Scenario analyses and the corresponding management actions are best applied in an iterative and adaptive process (Figure S.1). Monitoring programs should be

an integral component of management. Data are necessary to evaluate how both marine organisms and fishermen respond to changing management actions. Models will improve as more is learned and greater levels of complexity are added, requiring an adaptive approach to management.

Interdisciplinary working groups should be considered as a mechanism for developing appropriate models for each management area and for generating the series of scenarios needed to test proposed management actions.

Building models relevant for fisheries management will require the cooperation of many specialists and the integration of information from many sources. Working groups can provide a mechanism for bringing together scientists from government and academia as well as natural and social sciences in order to examine particular areas or fisheries of concern. Including social and economic scientists at the beginning of this process will ensure that these issues are incorporated as the base model is created.

Such working groups would facilitate consolidation of existing information, generate new syntheses with existing models, and develop new models and other new approaches to inform scenario development and forecasting under alternative management strategies. Working groups could meet with a variety of stakeholders—including fishermen and other consumptive and nonconsumptive users—to identify important tradeoffs that should be considered when creating models and evaluating feasible candidate policies. The simulations created should be quantitative when possible, but even rigorous qualitative scenarios would be useful in some situations. Iterative analyses by the working group might be expected as the ecosystem responds to management actions.

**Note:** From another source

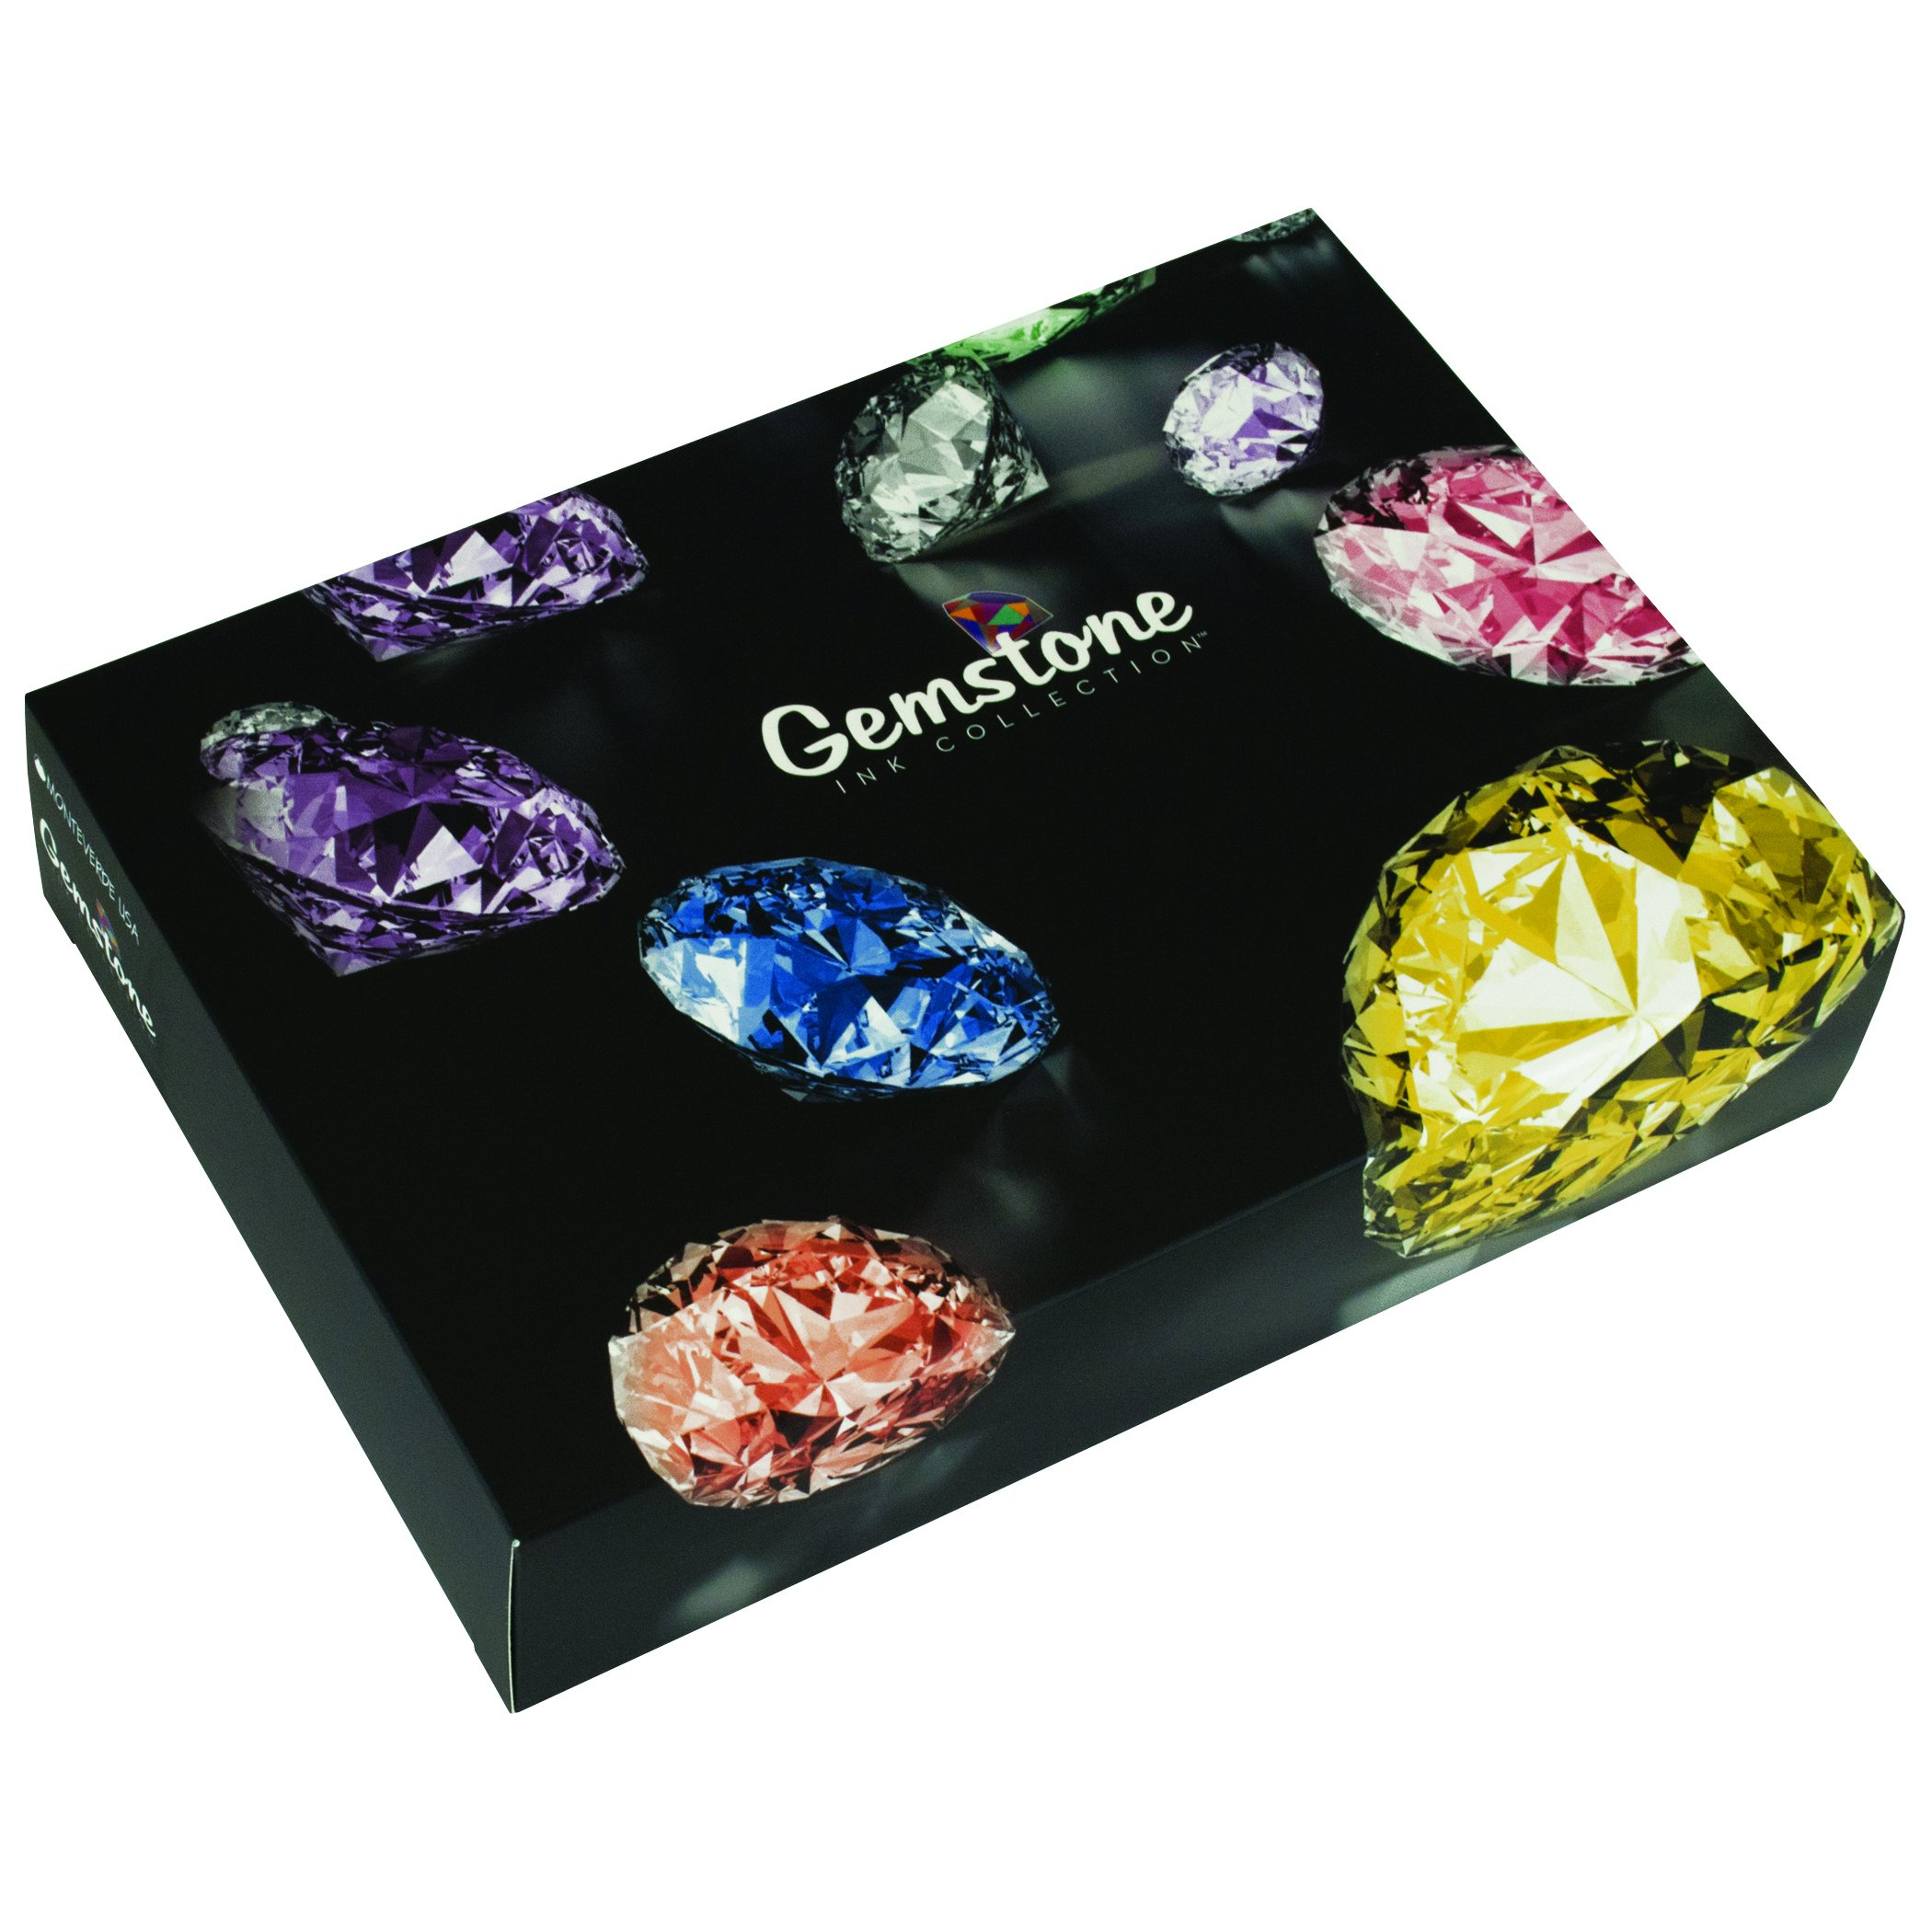 MONTEVERDE Gemstone Ink Collection Gift Set Fountain Pen Refill, Various Colors (MV12373) by Monteverde (Image #2)

Fisheries are primarily managed by direct or indirect controls on either inputs (e.g., effort, gear type and configuration, time, and area closures or openings) or outputs (e.g., catch in weight or numbers; limitations on landing according to size, sex, or species; and maximum bycatch amounts). Most fisheries management in the United States and internationally relies on output controls with catch quotas as a primary regulatory objective, accomplished by some input controls on gear, areas, and seasons. From an ecosystem perspective, addressing the manner in which fishing is conducted via input controls may be more important than limiting the outputs. This is because ecosystem effects often result from the specifics of the fishing methods, rather than the absolute level of target-species removal.

Two approaches exist for regulating fishing effort to achieve either single-species or multi-species management objectives. By far, the most common method used in both the United States and internationally is top-down control. In this report, top-down control refers to a system in which harvest targets or limits are

set by a management body, often with stakeholder participation, and then input controls are chosen and implemented to achieve these goals. Alternatively, bottom-up management approaches that confer secure access privileges are available. These types of management instruments still require that harvest targets be set by a centralized management body, but the details of effort and input decisions are decentralized.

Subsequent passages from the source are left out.